Medicaid was even a factor in Alabama’s U.S. Senate race, although few people noticed. While the national media was (understandably) focusing on the character and conduct of Republican nominee Roy Moore, Jones in his ads and speeches was focusing more on bread-and-butter issues ― among them, why Alabama should join the majority of states that have expanded eligibility.

Progressives can also look back on 2017 and feel confident their efforts played a big, possibly decisive role in stopping repeal. One year ago, GOP efforts to wipe away the 2010 health care law seemed almost certain to succeed.

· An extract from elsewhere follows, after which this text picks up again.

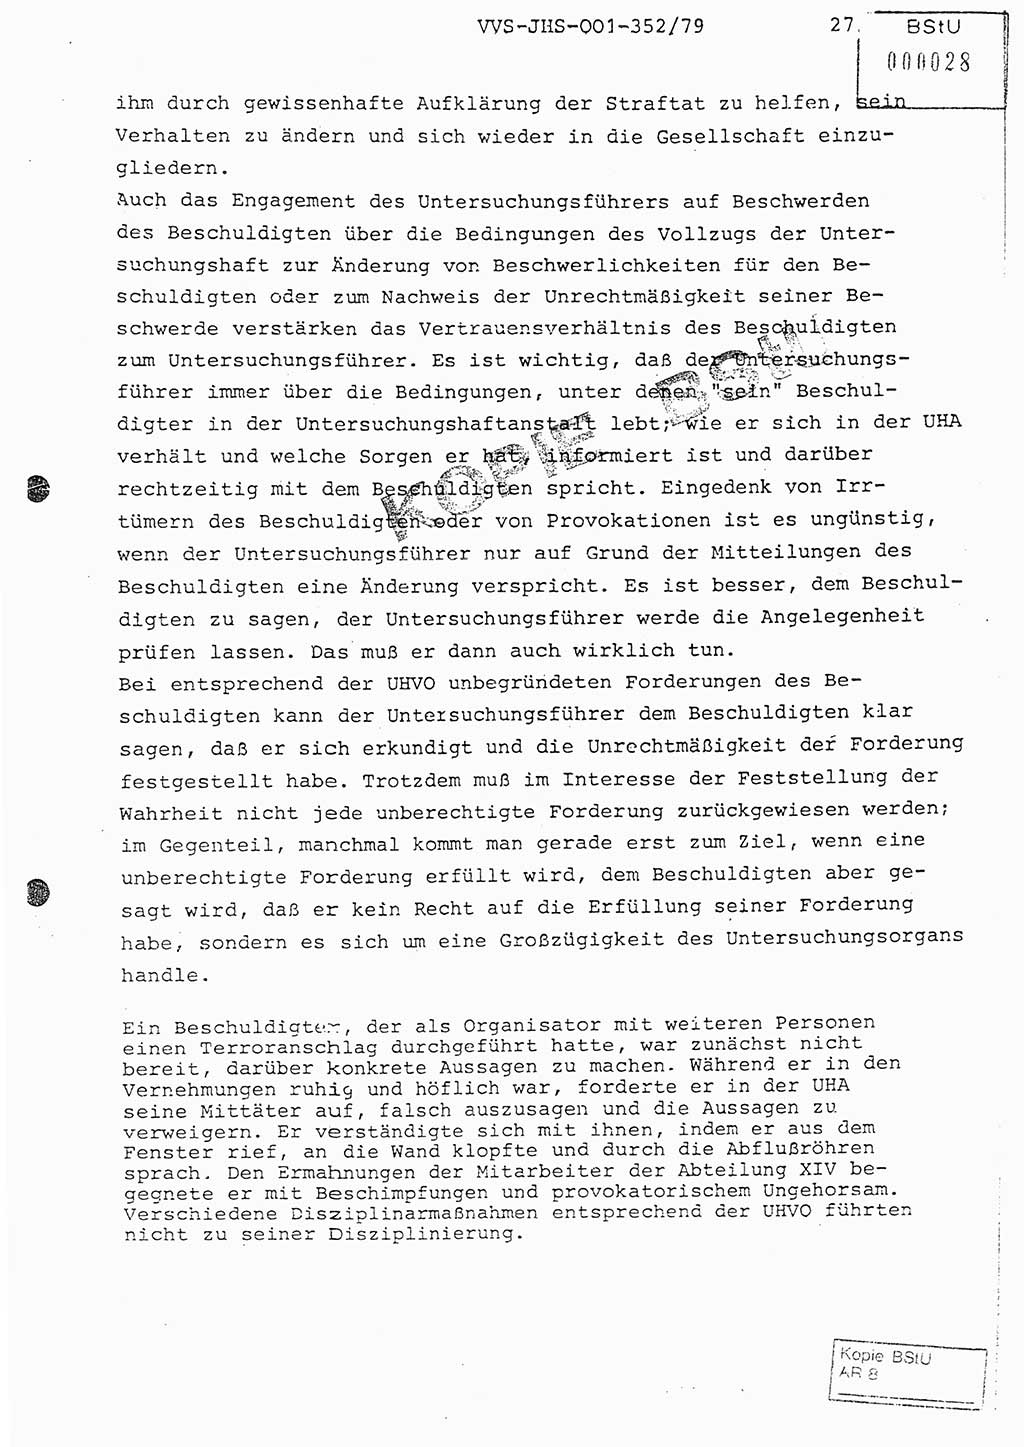 Diplomarbeit Hauptmann Peter Wittum (BV Bln. Abt. HA Ⅸ), Ministerium für Staatssicherheit (MfS) [Deutsche Demokratische Republik (DDR)], Juristische Hochschule (JHS), Vertrauliche Verschlußsache (VVS) o001-352/79, Potsdam 1979, Seite 27 (Dipl.-Arb. MfS DDR JHS VVS o001-352/79 1979, S. 27)

But the program is still operating, and, by the official end of open enrollment for HealthCare.govnearly 9 million people signed up ― nearly as many as last year, despite huge cuts to enrollment outreach and other efforts by the Trump administration to sabotage the program. The public remains divided on the program, but for the first time clear majorities approve of it, according to polls.

All of these signs suggest that the Affordable Care Act, despite its very real problems that need very real attention, is more resilient than most people realized a year ago. But if 2017 has shown anything, it’s that the program’s critics are relentless. The surest way to stop them is to assume they won’t stop trying.